Aangepast aan Soaring
Vogels hoeven niet de hele tijd met hun vleugels te klappen om in de lucht te blijven; ze kunnen hun energie besparen door te stijgen. De kracht van stijgende luchtkolommen, opwaartse stromingen en thermiek genaamd, houdt vogels omhoog. Sommige vogels, namelijk zeevogels zoals albatrossen, brengen een groot deel van hun tijd in de lucht door. Zeevogels gebruiken de opwaartse stroming die wordt gecreëerd door de acties van golven om te stijgen. Vliegende vogels hebben meestal vleugels met een hoge beeldverhouding, wat betekent dat hun vleugellengte veel groter is dan hun vleugeloppervlak.

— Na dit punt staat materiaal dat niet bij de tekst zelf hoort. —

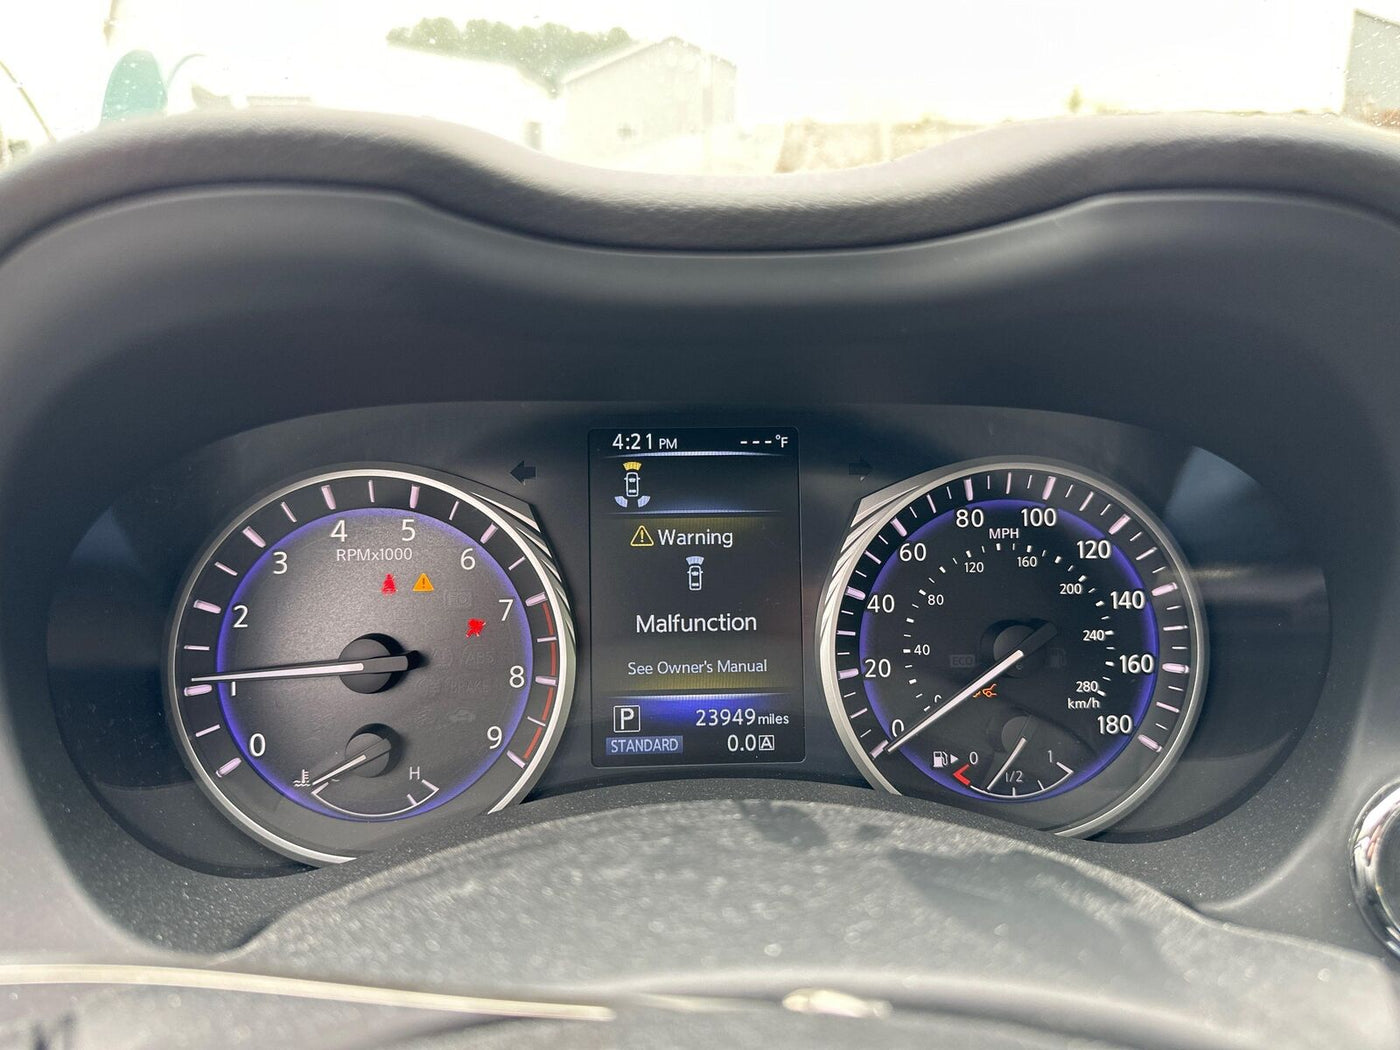 2017 Infiniti Q50 180MPH OME Speedometer Gauge Cluster (Tested) 3.0L Turbo

Deze kwaliteit geeft zwevende vogels hun karakteristieke lange, dunne vleugels.
Vliegende vogels
Hoewel loopvogels zich hebben aangepast aan het leven beneden, zijn hun vleugels niet helemaal uit hun anatomie verdwenen. Vogels zijn geëvolueerd om te vliegen, maar sommige vogels hebben dit vermogen verloren toen hun lichaam zich uiteindelijk aanpaste aan terrestrische of aquatische omgevingen en vliegen te duur werd, energetisch gezien. Pinguïnvleugels zijn in feite veranderd in vinnen om het zwemmen te vergemakkelijken. De niet-vliegende aalscholver van de Galapagos-eilanden kon vroeger vliegen, maar heeft dat vermogen sindsdien verloren om door het water te glijden. Grote vogels, zoals struisvogels en nandoes, gebruiken hun proportioneel kleinere vleugels in indrukwekkende displays.
Trekvogels
Veel vogels maken tijdens de koudere maanden lange vluchten, migraties genaamd naar warmere streken van de wereld. Het migratiepad van de Noordse stern beslaat een rondreis van meer dan 30.000 kilometer van de Noordpool naar de Antarctische wateren. De Blackpoll-zanger maakt zijn jaarlijkse reis door 80 tot 90 uur in de lucht te blijven zonder te rusten. Niet alle vogels hebben echter het vermogen om te migreren; naast interne aanpassingen helpen gespecialiseerde vleugels trekvogels bij het maken van hun lange vluchten. Trekvogels hebben meer spitse vleugels, die groot zijn in vergelijking met hun lichaam, wat resulteert in minder arbeidsintensief vliegen.
Voortdurende evolutie
De evolutie is nog niet helemaal klaar met de vogelvleugel. Een studie uit 2013 gepubliceerd in "Current Biology" en uitgevoerd door Drs. Charles Brown en Mary Brown hebben bewijs gevonden voor evolutie in de vleugels van klifzwaluwen in Nebraska. Door de weg gedode klifzwaluwen bleken langere vleugels te hebben dan veel andere in hun populaties. De wetenschappers theoretiseerden dat deze zwaluwen, die nestelen in snelwegbruggen en viaducten, korter en ronder evolueerden vleugels om meer verticaal te kunnen opstijgen, waardoor de vogels kunnen vluchten voor tegemoetkomende on voertuigen.